## Activity
Return all the lines below exactly as written. Drop every picture.

## Given data
****

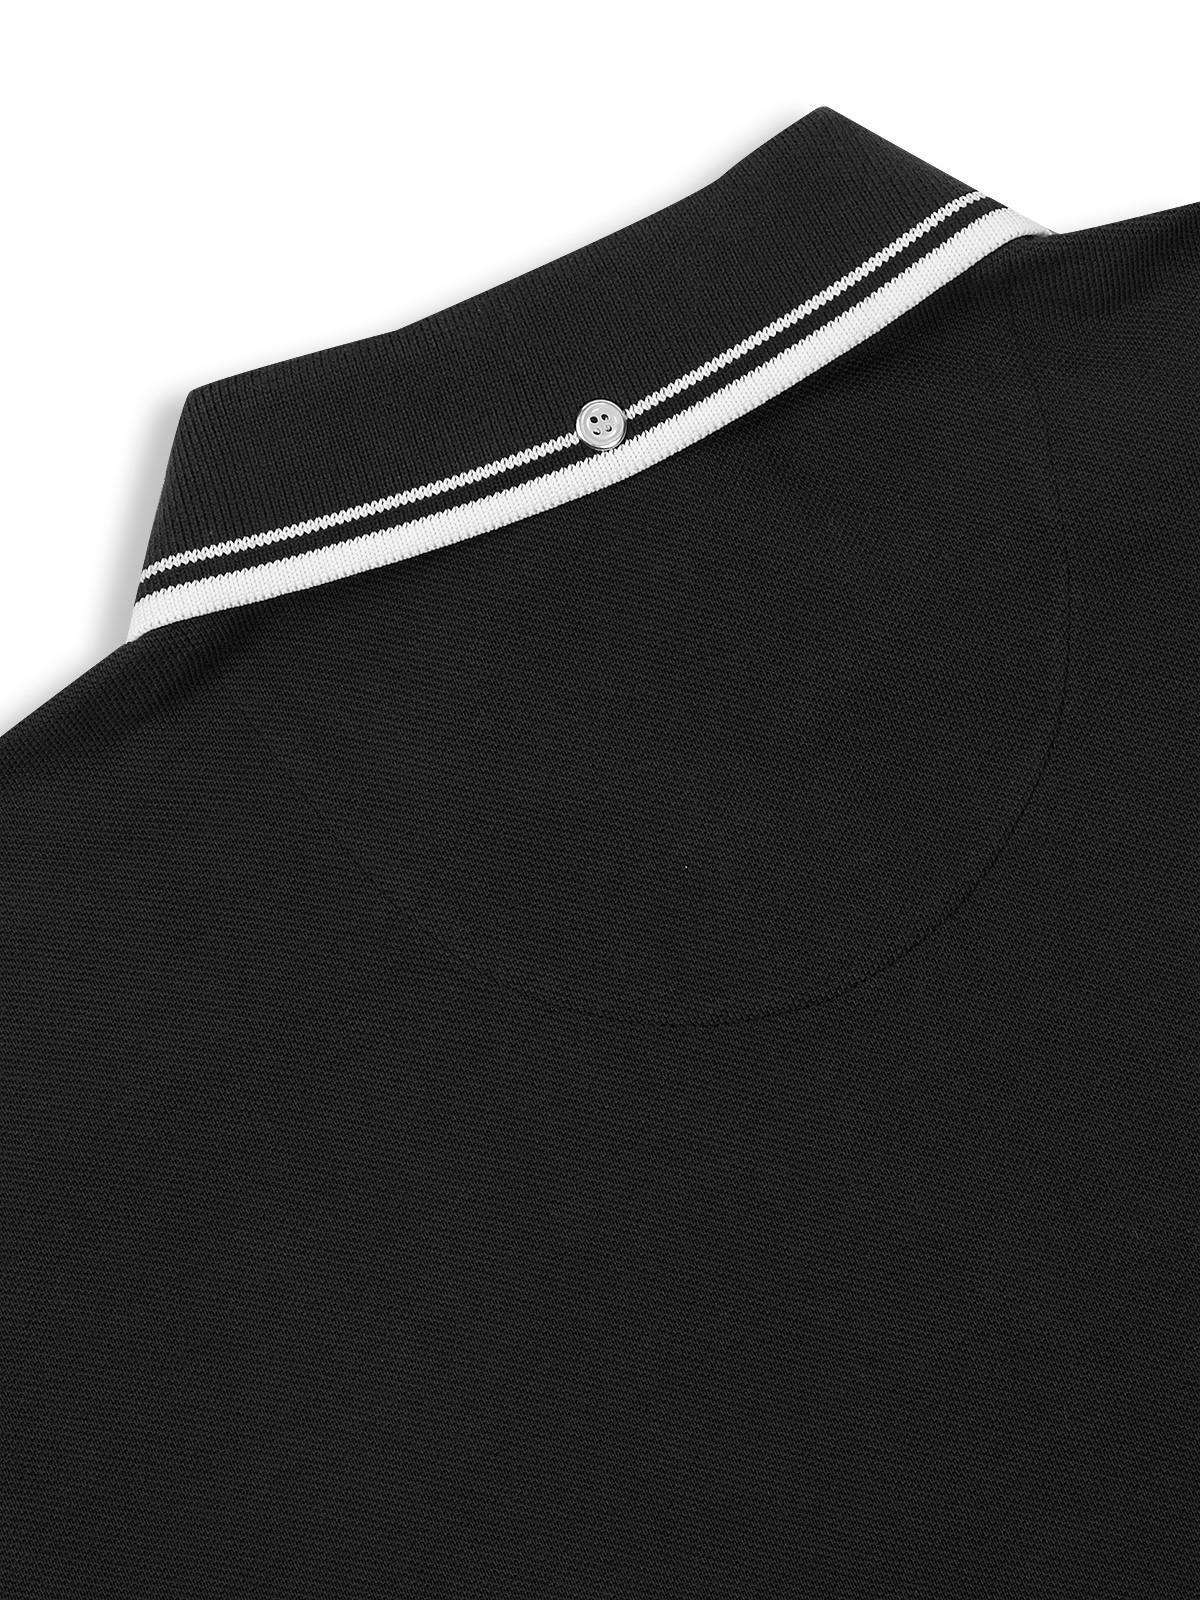 Рубашка поло mc10146/b32/mf1 BEN SHERMAN Polo
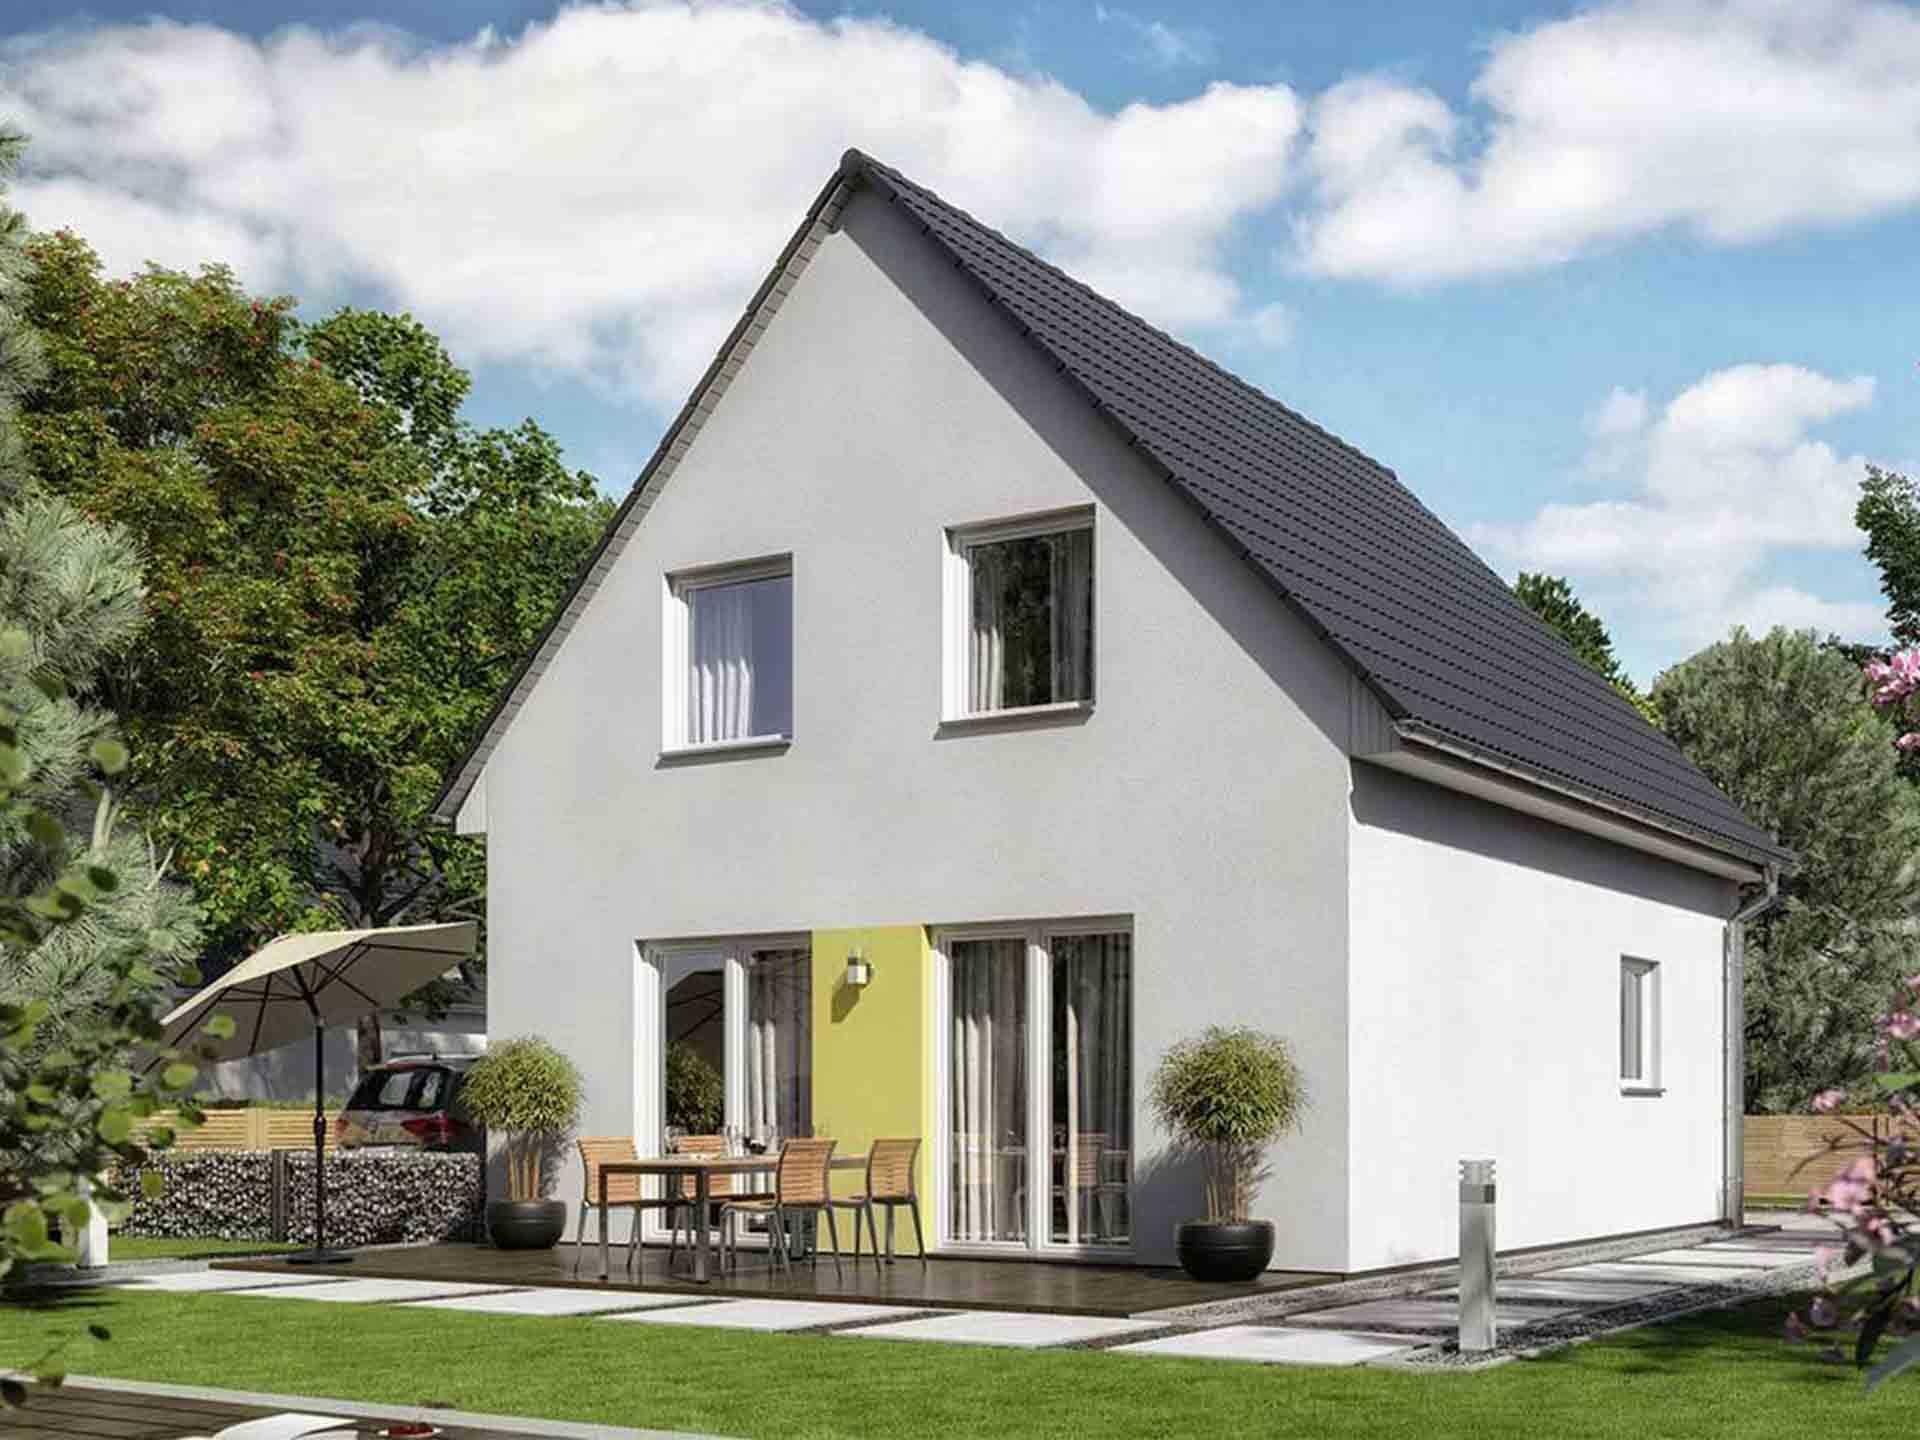 HausBauManufaktur Bau - Town & Country - Einfamilienhaus Raumwunder 90
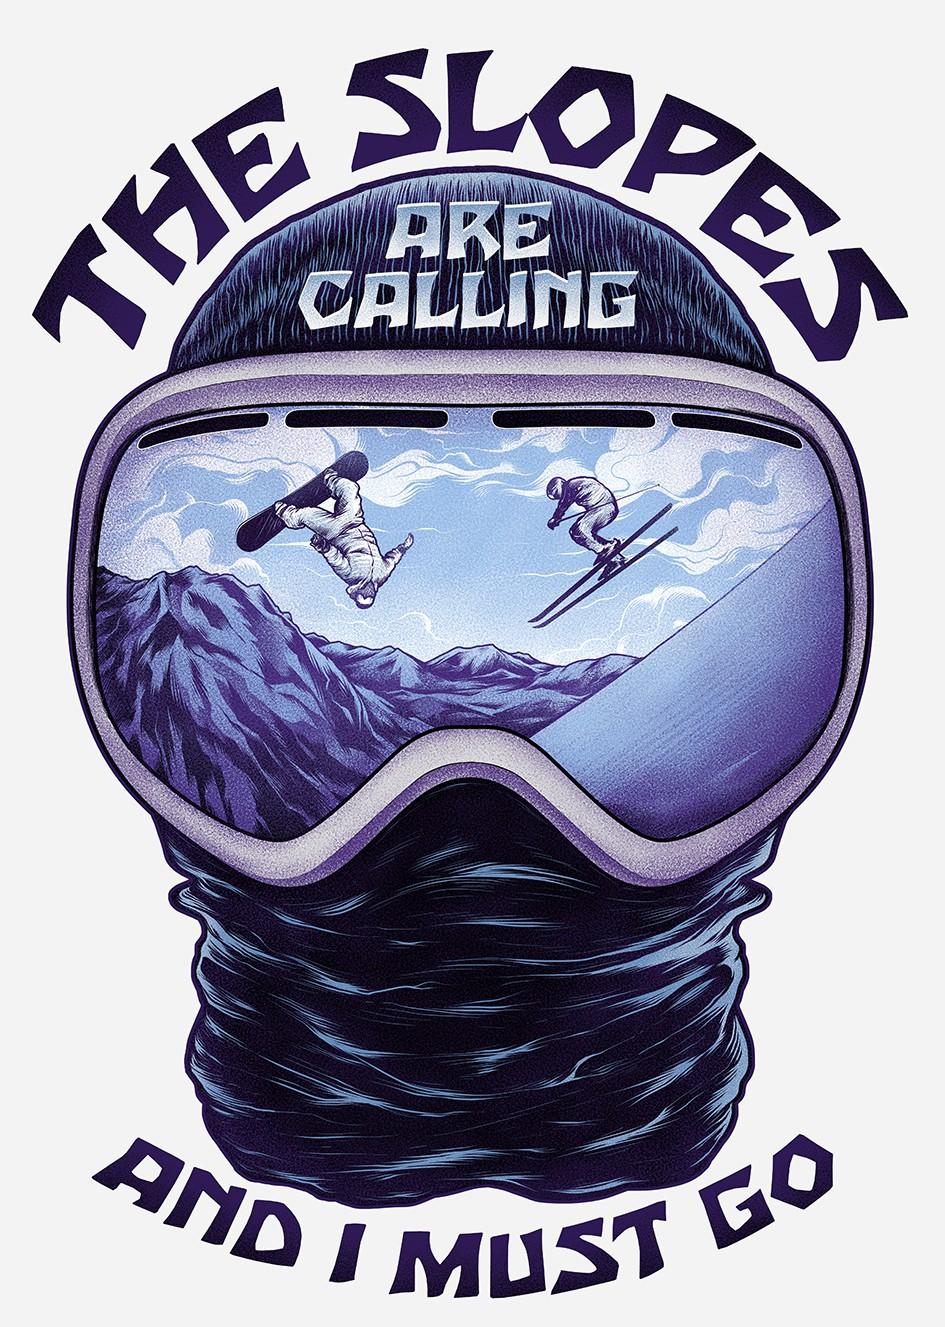 The Slopes Are Calling .... Ski Shirt
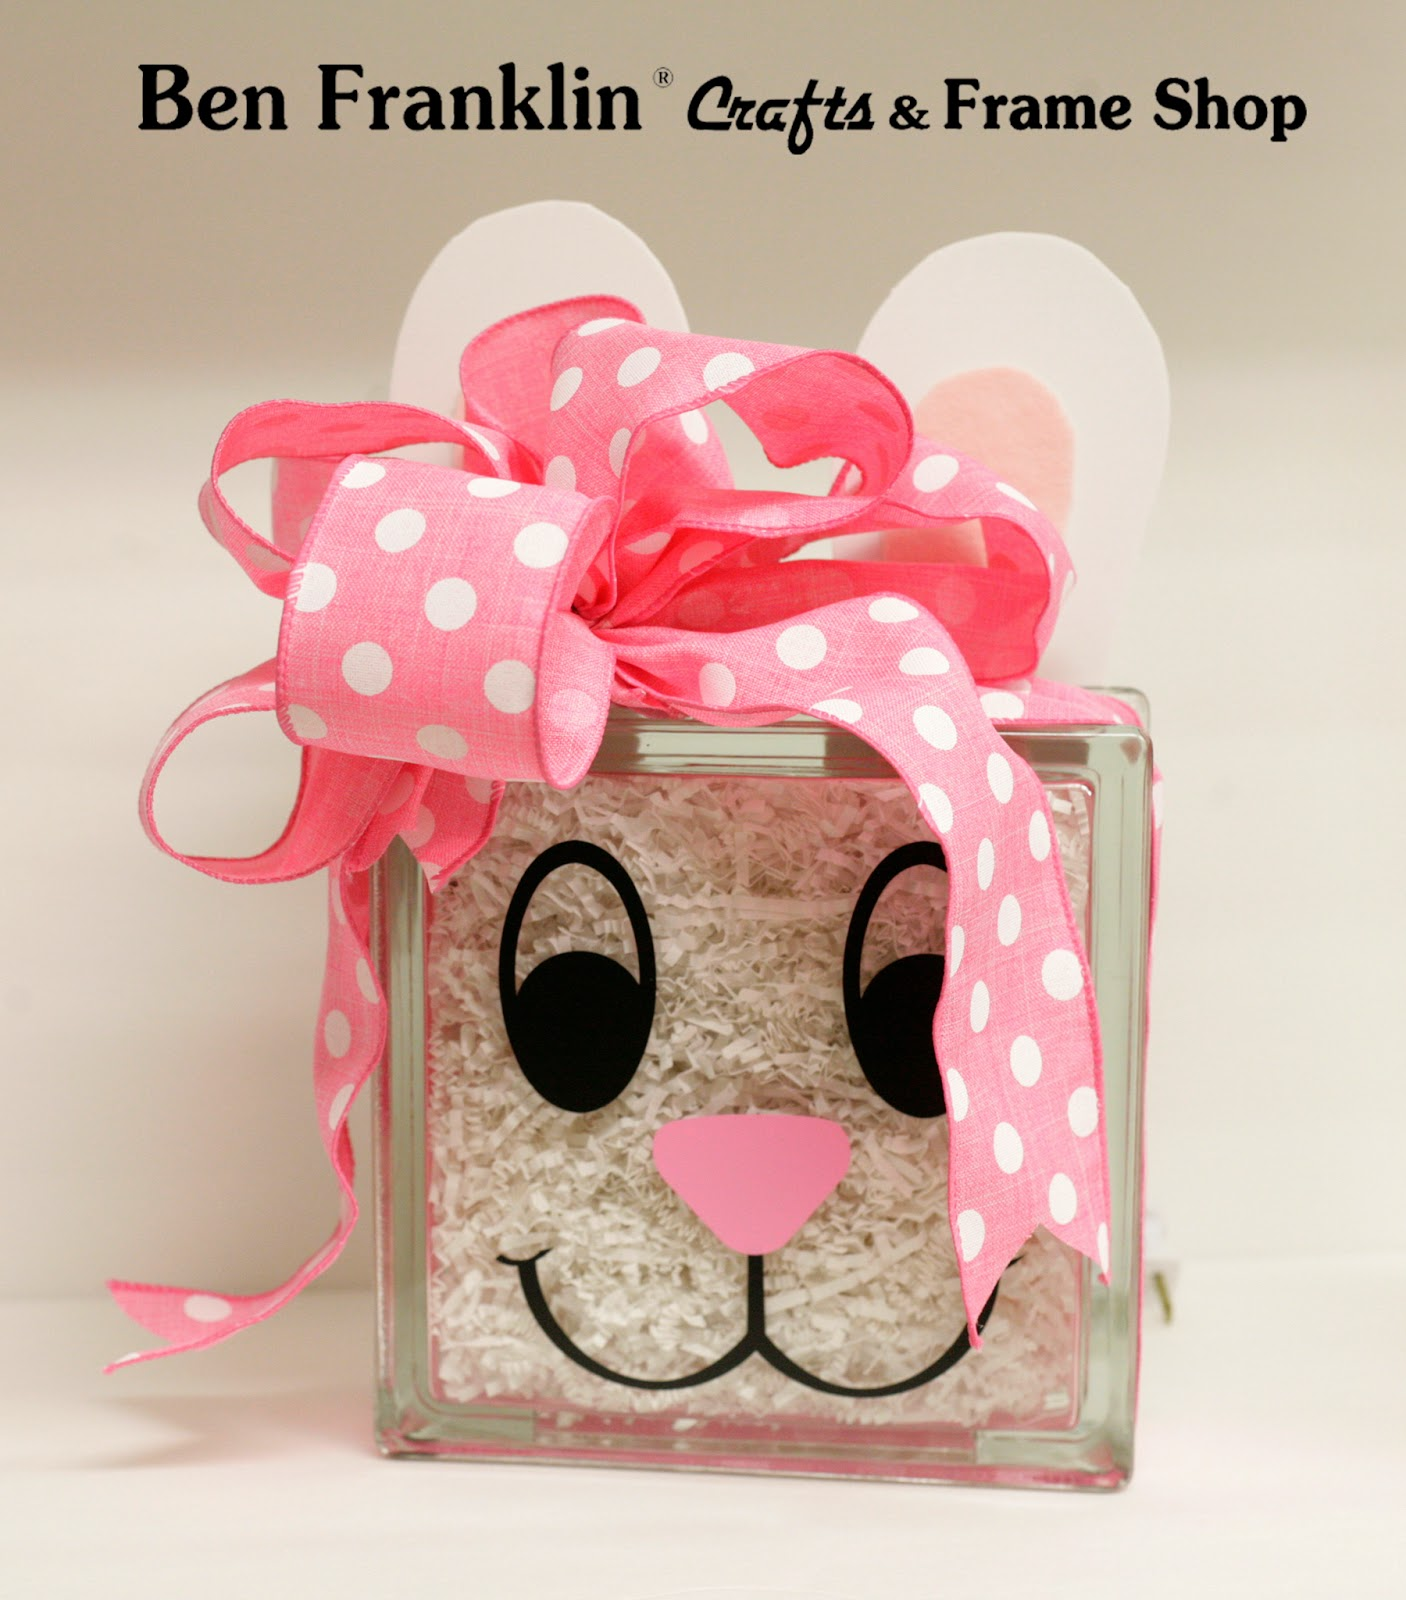 Ben Franklin Crafts and Frame Shop: Glass Block Bunny

****

## Problem solution
 Рубашка поло mc10146/b32/mf1 BEN SHERMAN Polo
 HausBauManufaktur Bau - Town & Country - Einfamilienhaus Raumwunder 90
 The Slopes Are Calling .... Ski Shirt
 Ben Franklin Crafts and Frame Shop: Glass Block Bunny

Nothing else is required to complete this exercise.